Profile Image for thewanderingjew.
1,811 reviews18 followers
January 19, 2022
Atlin: Where Everyone Knows Your Dog’s Name, Bradford D. Smith, author
This is not a book to rush through. It is a book that makes you think. It is a book to be placed on your nightstand and to be picked up so it can take you on a journey to a bygone time and a remote place with no distractions except for those from nature. It is about a boy, a time and a place, all of which are out of the realm of our time and our place. The small, quiet town of Atlin, in British Columbia, is a place of extreme cold and months when daylight hours are few. It is where Brad grew up. His family moved there in the late 1960’s. Some might consider the place nirvana but to others it would be a nightmare.
Adjusting to life there for Brad and his family meant hard work. They suffered hardships, but they didn’t ask the government for help, they never gave up, they pulled themselves up by their bootstraps and started again. They built a hotel, raised dogs, had a shop. They created businesses that thrived and then failed so they created another to fulfill the needs of the town. When problems arose, families sometimes broke apart and some moved on, but the town survived because the people were strong and motivated to make a life without the creature comforts and encumbrances of the more developed world. How could we, today, survive without indoor plumbing, adequate heat, electricity, abundance in supermarkets or fashionable clothes? We have become a very materialistic society, used to material wealth. It doesn’t speak well of us that most of us probably would not last long, in the place Brad where matured. Can you imagine, he had no hand sanitizers or helicopter parents; he had few rules and some of those he broke, like kids are wont to do; yet he survived and thinks fondly of his childhood.

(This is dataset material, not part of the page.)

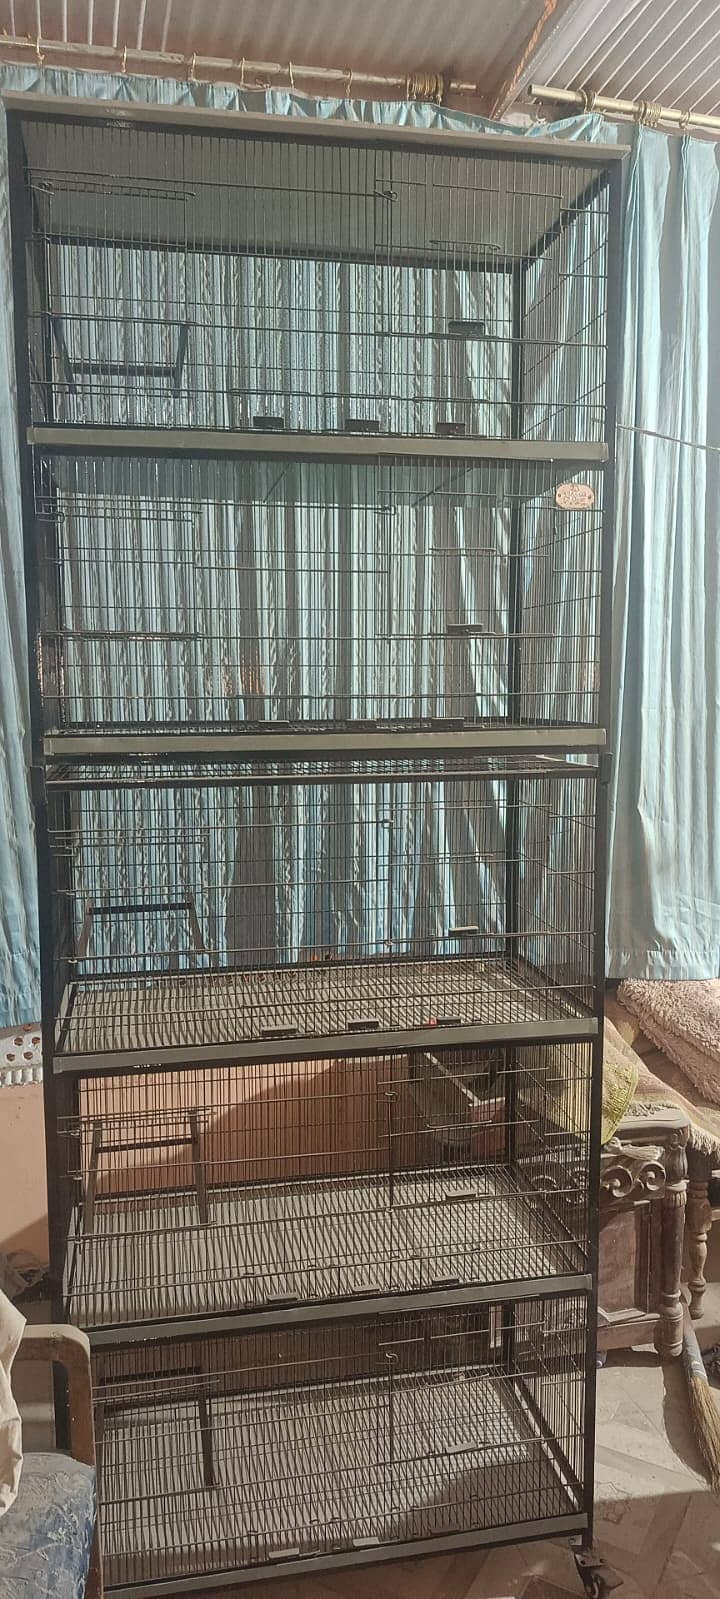 5 Portions Un Used Cage for Love Birds 0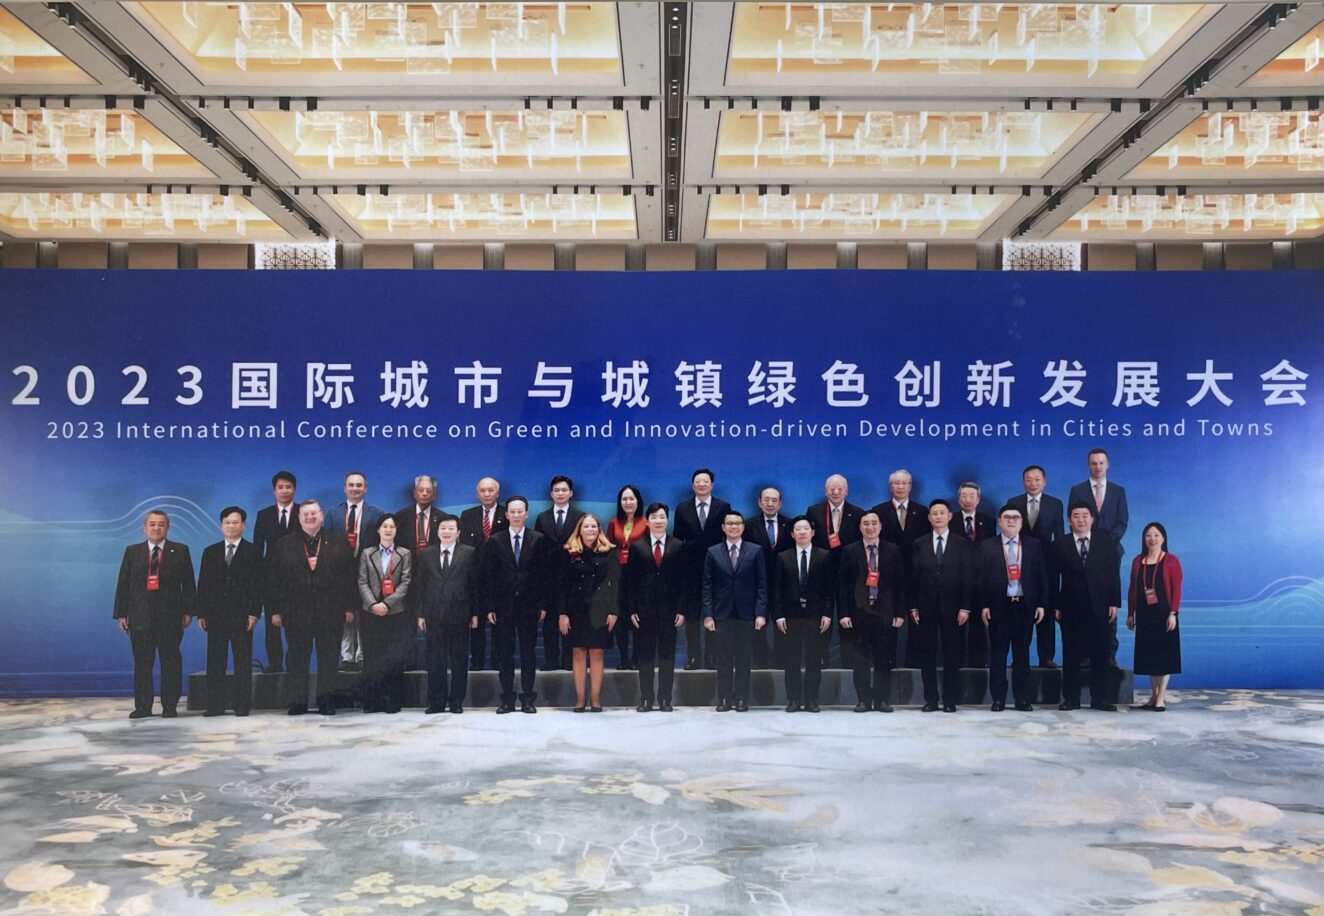 NZCFS President Chris Lipscombe and Northern Vice President Fan Miao with other VIPs at 2nd International Conference on Green and Innovation-driven Urban Development, Xiangcheng District, Suzhou.

Brad was allowed to be a kid, to get bruises, to take some dangerous chances, and to learn about life through his experiences. His friends made up games to play. They used the materials around them to build “stuff”. Brad learned to swim, kind of, by jumping into the water. When he sank, a friend pulled him up. He could recognize different bears, trap and fish. He could pan for gold. He sometimes took too great a chance, but there was always someone looking out for him, someone to rescue him. To survive, everyone took care of each other. That was a given, that was necessary. Can you imagine that in today’s divided world?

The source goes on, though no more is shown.